ABSTRACT

Introduction The Marshes of the lower Tigris and Euphrates riparian system have attracted substantial attention in recent years, particularly since the fall of Saddam Hussein’s regime in 2003. Persistent and pervasive desiccation of the wetlands and emigration by former inhabitants led to a process labelled as ‘one of the greatest ecological crimes of the 20th century’. In response an international coalition of ecologists, engineers, national governments and non-governmental organizations (NGOs) has formed with the explicit goal of restoring the ecology and culture of the Marshes (Twair 2003). The United Nations has committed to restoration, offering expertise and multiple forms of capital, while Iraq has formed bilateral restoration ties with Canada, Ireland, Italy and Japan. Restoration of the Marshes, in sum, has become a project of global interest. This chapter critically interrogates the emerging process to restore the Marshes. It pays particular attention to the interrelated concepts of ‘destruction’ and ‘restoration’. Specifically, the chapter seeks to understand how certain oversimplified narratives of destruction legitimize intervention in the shape of restoration. A better understanding of how environmental change is conceptualized, how such understandings as well as the direction of restoration are shaped by the security concerns of regional and international powers, and how the communities that depend on the water resources that feed and comprise the Marshes will be affected have relevance beyond the Iraqi context. Specifically, the chapter seeks to engage with three areas of academic and policy debates in environmental security, sustainable rural development and water scarcity. First, the chapter demonstrates how the larger geopolitical climate in the Middle East has set the tone and direction of the restoration efforts of the Marshes. While it is not entirely possible to claim that the Marshes had not been an object of international interest before the recent occupation of Iraq by US-led forces (Adriansen 2004), it is evident that the designs of the United States on Iraq and the larger area were directly related the emergence of restoration as a legitimate policy goal. Directly following from this point, the second and arguably the most significant contribution the chapter makes concerns the politicization of the project of restoration. In so doing, it is argued that restoration, defined

as ‘returning the system to a close approximation of the predisturbance ecosystem’ (NRC 1992: 293), is inherently political, guided by selective interpretations of past ecological characteristics and various political, economic and geographical processes that resulted in environmental change. The constellation of actors that came together to design and execute the project have adapted an approach that is redolent with the discourse of ‘liberation’. Thus the attempt to create ‘New Eden’ (Iraq 2006) as the leading organization involved in the project is called can be accurately understood not merely as a scientific undertaking but as part of ongoing political economic transition in the Middle East. Lessons learned from the Marshes will have resonance for the ongoing efforts in Central Asia for the restoration of the Aral Sea (Weinthal 2002).
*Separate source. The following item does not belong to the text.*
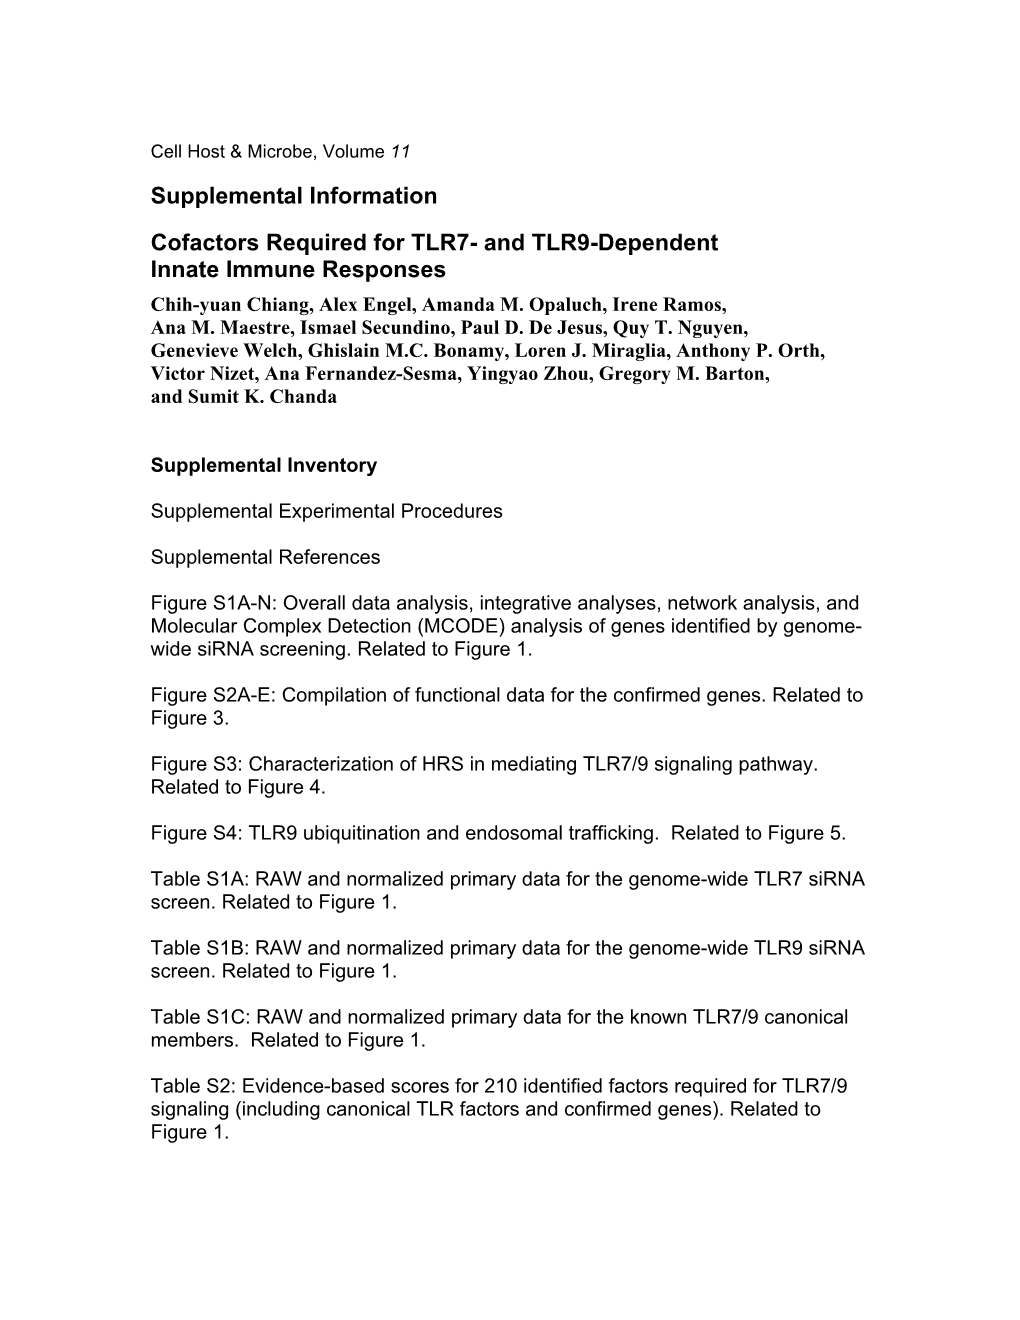 Supplemental Information Cofactors Required for TLR7

Much like the Marshes, the Aral Sea has become an international emblem of brazen policies that wreaked havoc on a precious ecosystem on which many based their livelihoods (see also Chapters 5, 9 and 12, this volume). Third, the interrelation between the changing waterscape of the Marshes and agricultural development can help broaden the study of agrarian development in reclaimed or restored landscapes, which remains surprisingly weak. A number of developmental states are currently manipulating arid landscapes with a view to opening them up for intensive agriculture, such as the ‘Great Valley Development Project’ in Egypt, the ‘Southeastern Anatolia Project’ in Turkey and the ‘Develop the Great Northwest’ programme in China (Nielsen and Adriansen 2005; Çarkoğlu and Eder 2005; Becquelin 2000; Spoor and Shi 2008). The discussion of how ecosystem transformation is a profoundly complex process with far-reaching political, economic, social and cultural implications is of direct relevance to these ongoing attempts at reclamation as well.